_Recorded information_
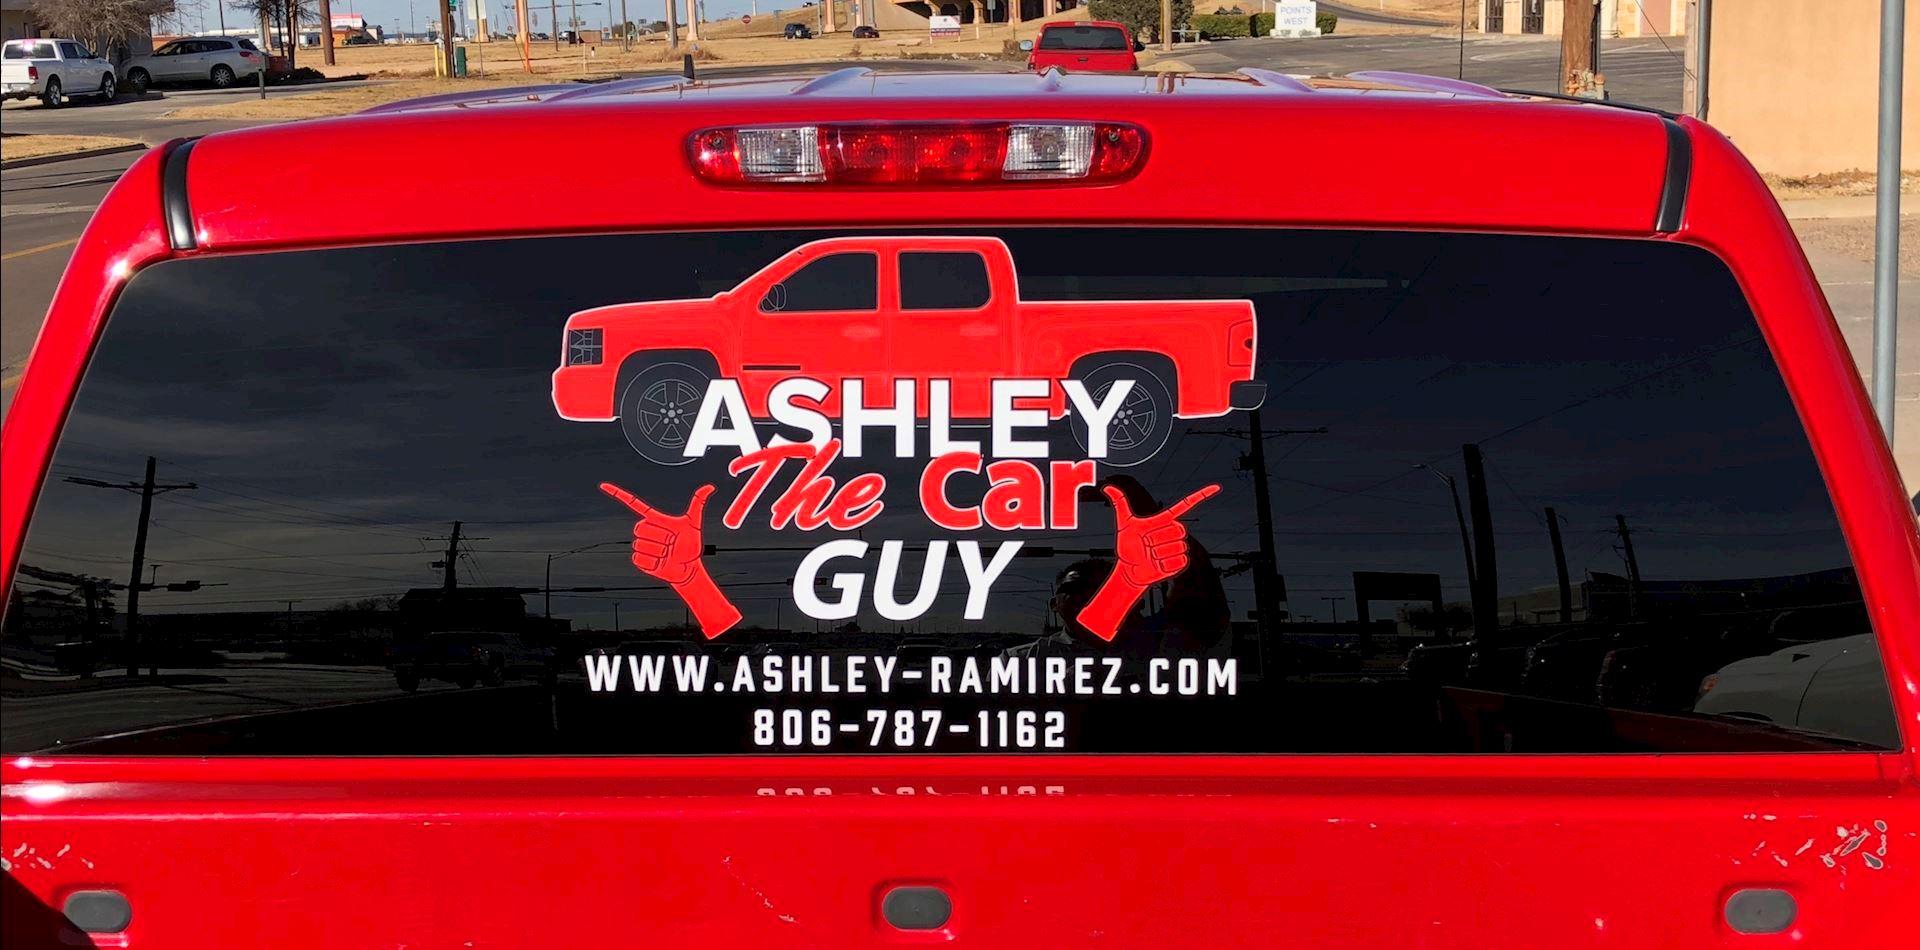 Pollard Used Cars >> Blog Ashley The Car Guy 7423 Ashley Ramirez Certified Used Cars
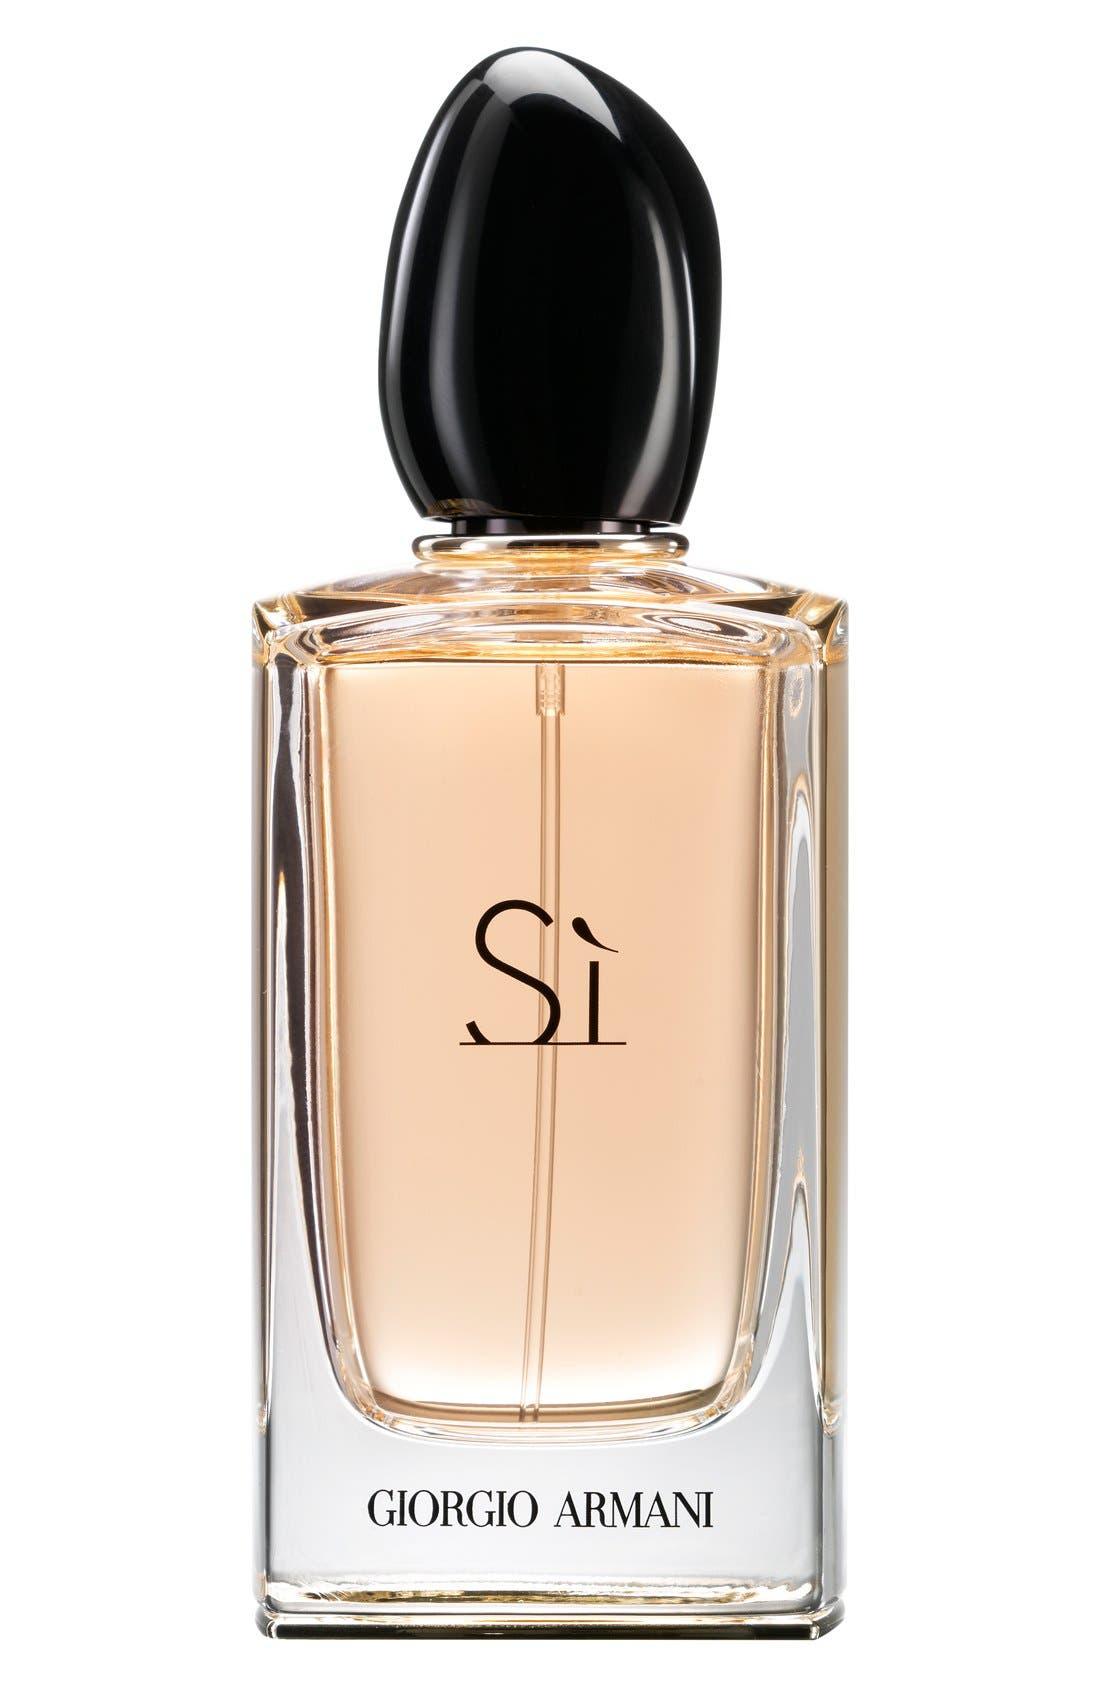 Giorgio Armani 'Si' Eau de Parfum
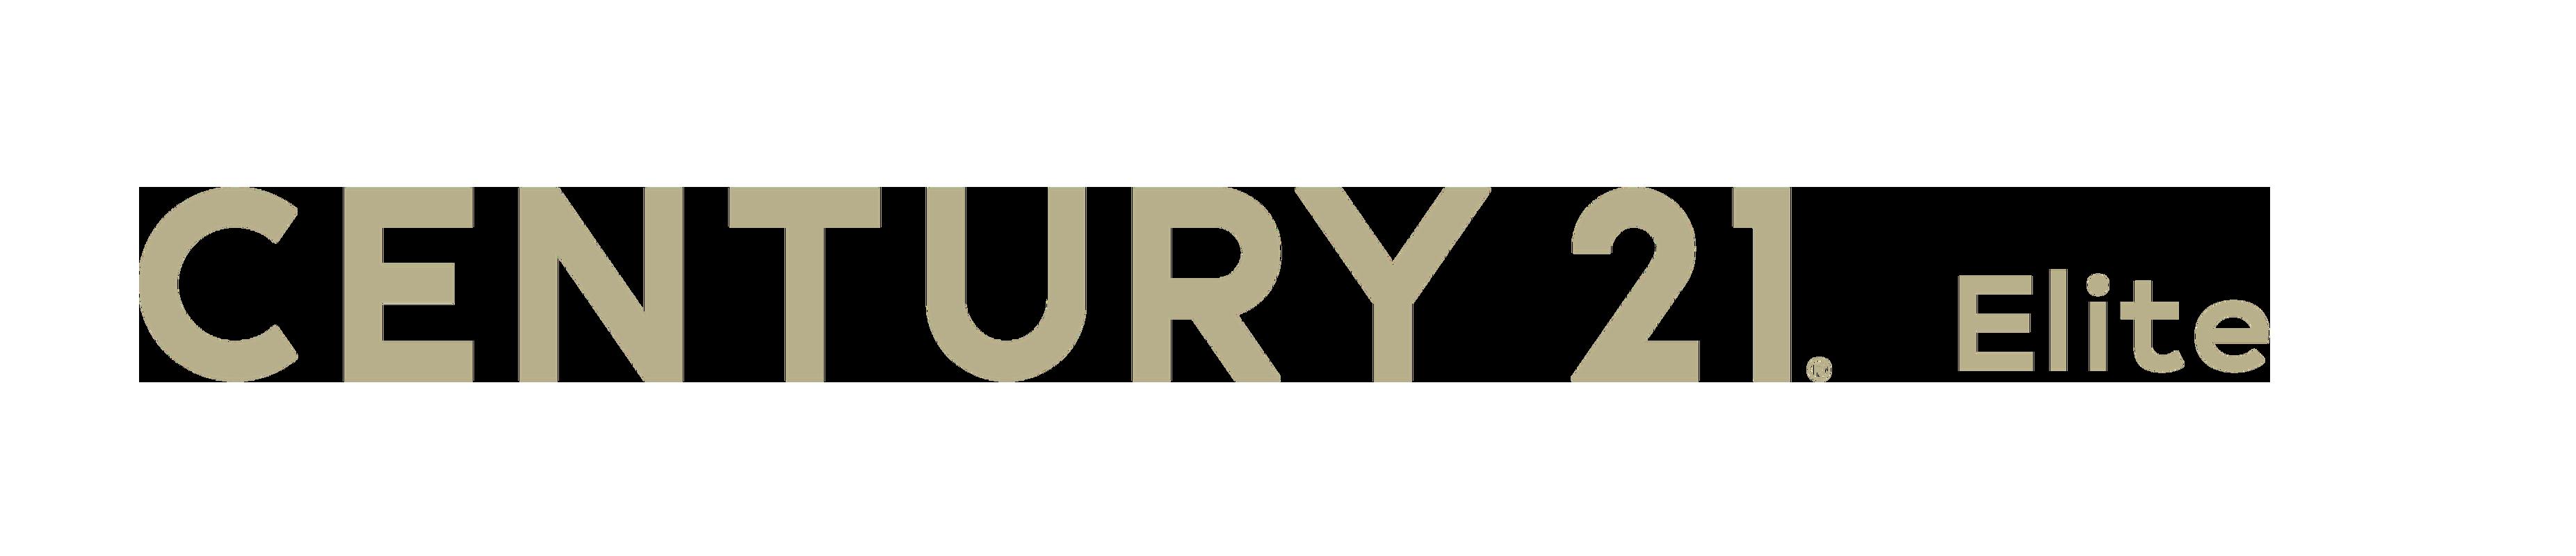 century 21 elite logo

_Task statement_
The line with "Giorgio Armani 'Si' Eau de Parfum" and each line after it, through the final line of the data, are to be duplicated exactly, with pictures left out and nothing more included.

_Answer to this task_
 Giorgio Armani 'Si' Eau de Parfum
 century 21 elite logo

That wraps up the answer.